Abstract
Background, aims and scope
Food production is essential to life. Modern farming uses considerable resources to produce arable crops. Analysing the environmental burdens of alternative crop production methods is a vital tool for policymakers. The paper describes the production burdens (calculated by life cycle analysis) of three key arable crops: bread wheat, oilseed rape and potatoes as grown in England and Wales using organic and non-organic (contemporary conventional) systems. Resource use (e.g. abiotic and energy) and burdens from emissions are included (e.g. global warming potential on a 100-year basis, global warming potential (GWP), and eutrophication and acidification potentials).
Methods
Crop production was analysed, using systems models, so that the effects of factors like changing N fertiliser application rates or irrigation could be examined. Emissions of nitrate were derived from a simulation model in which soil organic N was driven to steady state so that all long-term effects were properly accounted for. Yield response curves to N were similarly derived from long-term experiments. Crop nutrient inputs and plant protection applications were derived from national survey data and the literature. All major inputs were accounted for including fertiliser extraction, manufacture and delivery; pesticide manufacture; field fuel use; machinery and building manufacture; crop drying, cooling and storage. The current balance of production systems were found from survey data. The weighted mean national production was calculated from a combination of three rainfall levels and soil textures. The system boundary is the farm gate. The functional unit is 1 t marketable fresh weight of each product.
Results and discussion
The primary energy needs for the producing the three main crops were 2.4, 4.9 and 1.4 GJ/t for bread wheat, oilseed rape and potatoes, respectively. When expressed in terms of dry matter, protein or energy, wheat incurred smaller burdens than oilseed rape, which incurred lower burdens than potatoes. The crops do, of course, all play different roles. Organically produced bread wheat needed about 80% of the energy of non-organic, while organic potatoes needed 13% more energy than non-organically produced ones. While pesticide use was always lower in organic production, other burdens were generally inconsistently higher or lower. Land occupation was always higher for organic production. Lower fertiliser use (and hence energy use) in organic systems is offset by more energy for fieldwork and lower yields. Main crop potato energy needs are dominated by cold storage. Reducing the N application rate for bread wheat production reduces energy use and GWP. The optimum for energy is with N at about 70% of the current level. It seems to be lower for GWP, but the sub-models used are beyond their range of reliability. The results are generally of the same order as those from other European studies.
Conclusions
Arable crop production depends heavily on fossil fuel in current major production systems. The emissions causing GWP are very dependent on nitrous oxide, more so than fuel consumption. That, together with emissions of ammonia and nitrate, means that agriculture has a C-N footprint rather than the C footprint that typifies most industrial life.
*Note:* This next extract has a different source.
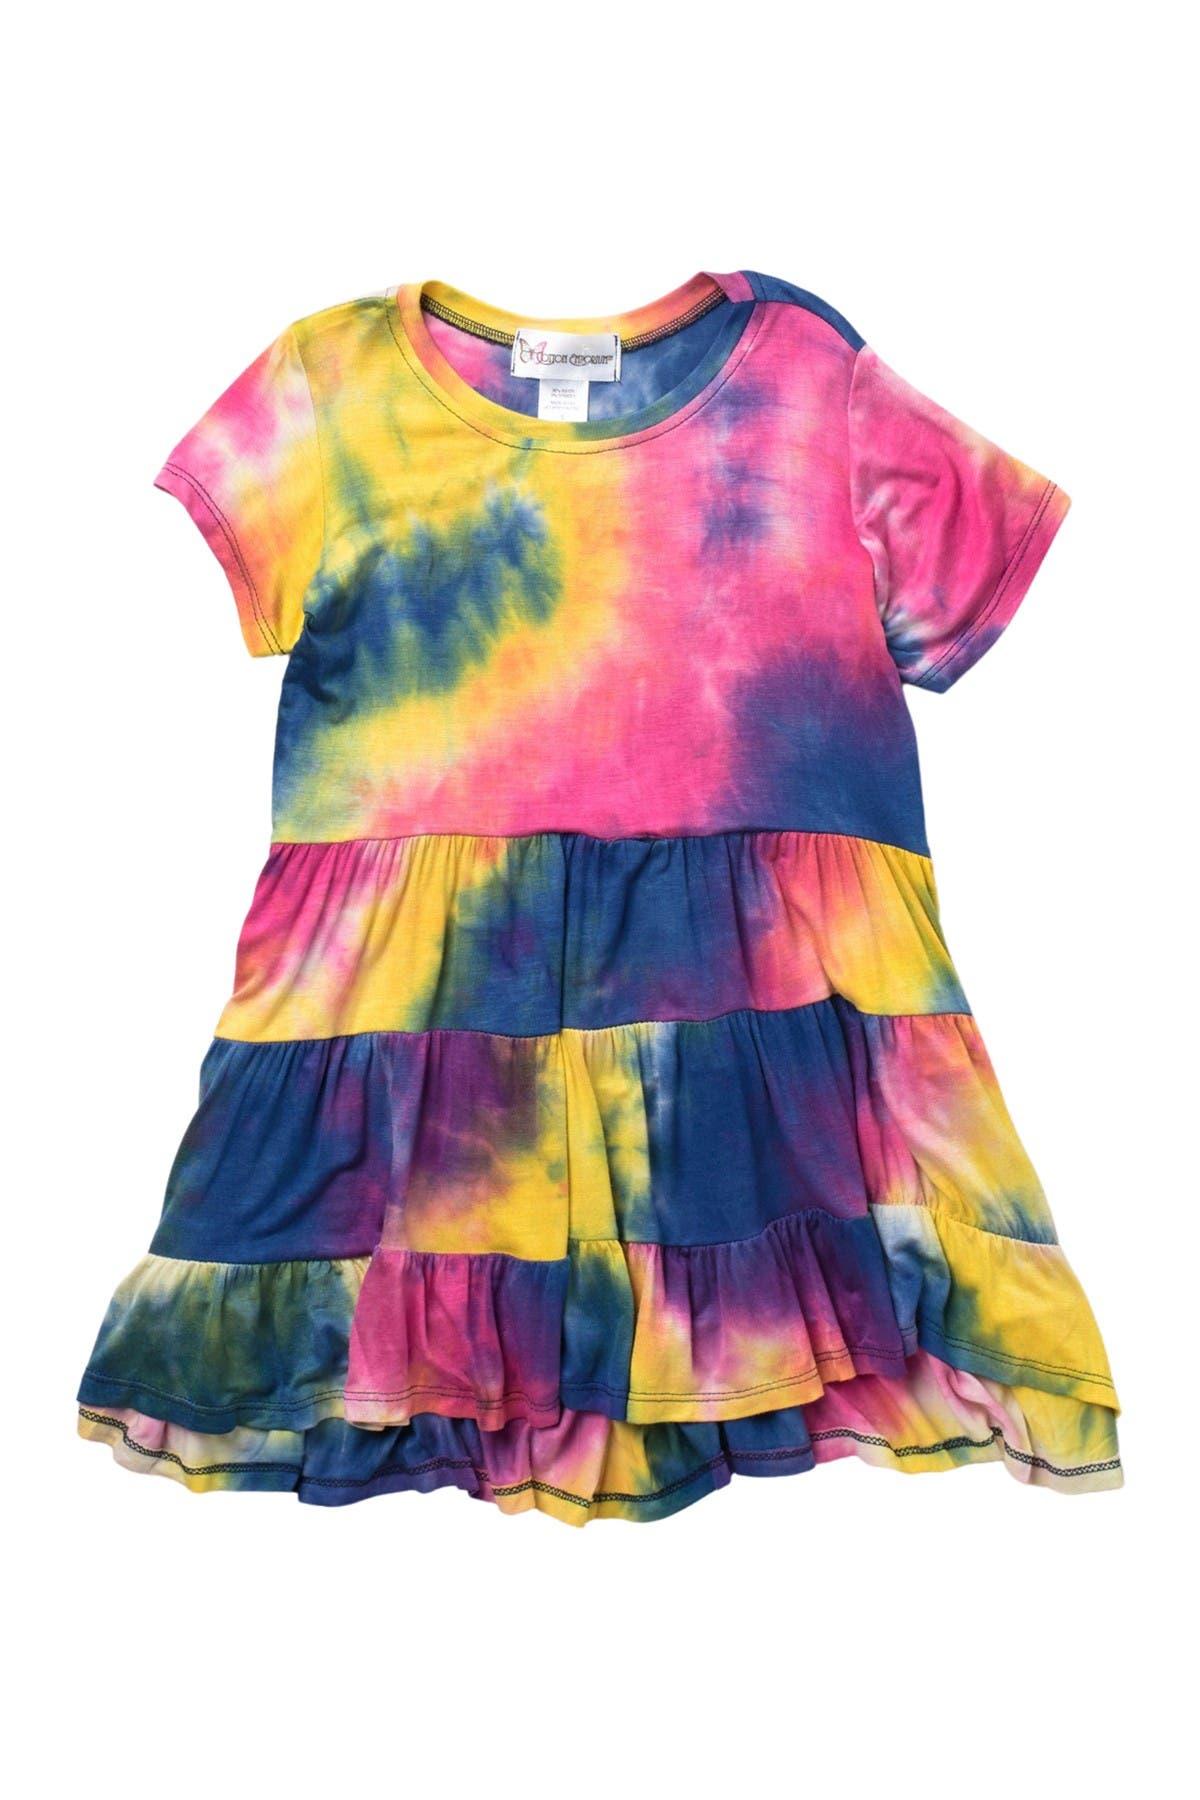 Image of Cotton Emporium Short Sleeve Tiered Jersey Dress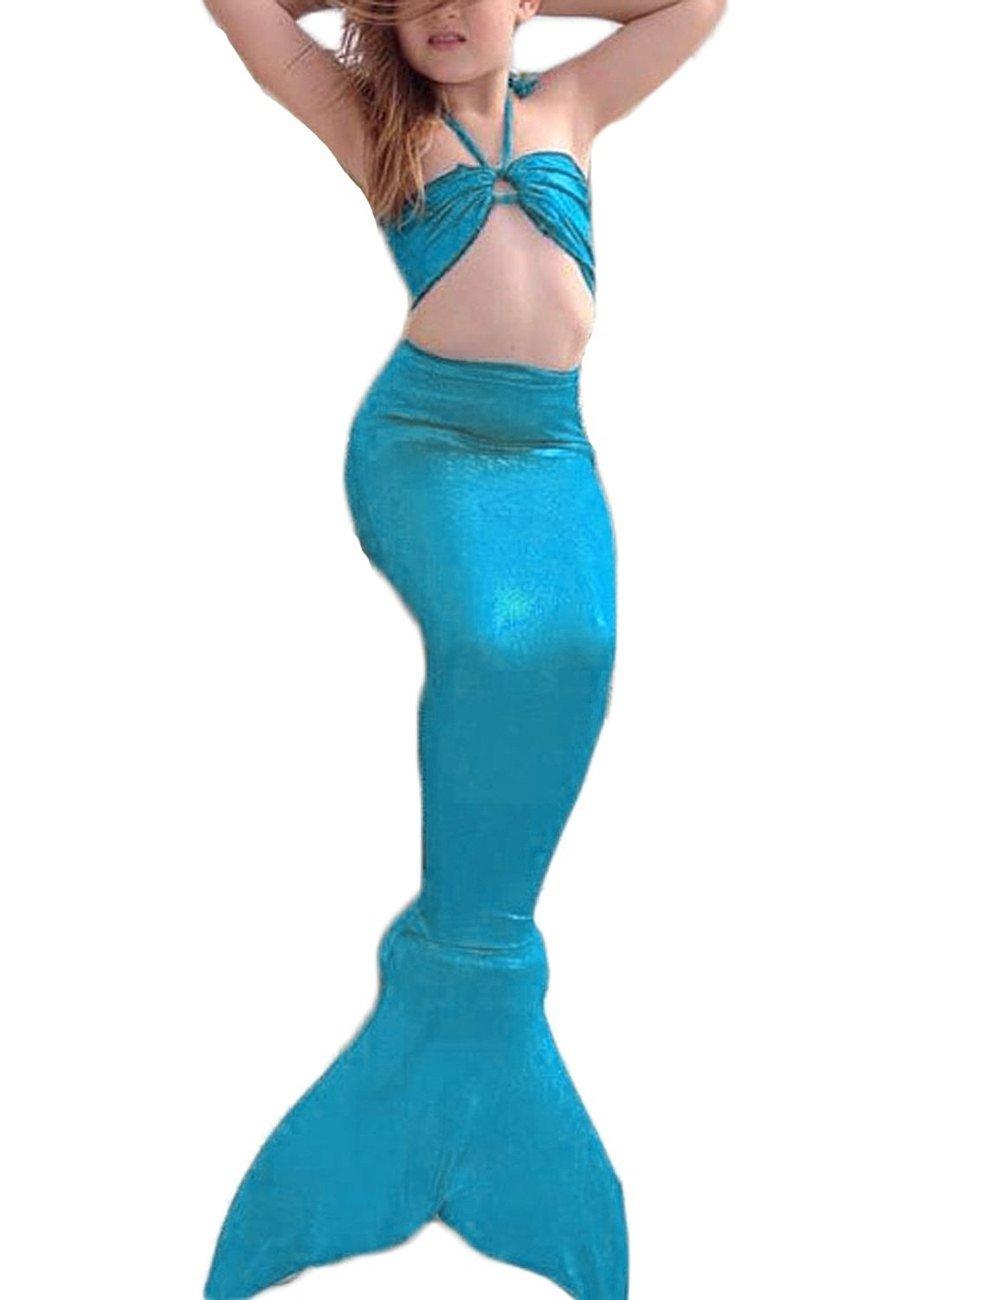 LBXX 3Pcs Mermaid Tail for Girls Swimming Swimsuits Princess Bikini Set for Toddler Big Girls Birthday Gift,3-14 Years

Recommendations and perspectives
With the large influence of nitrous oxide on GWP, evaluation of nitrous oxide emissions by another method, e.g. crop-soil simulation modelling instead of the more rigid IPCC method would improve the robustness of the analysis. The transition between farming systems was not included in this study, but there could be short to medium term benefits of converting from non-organic to organic methods that should be evaluated. System modelling allows alternative production methods to be readily explored and this greatly enhances LCA methodology.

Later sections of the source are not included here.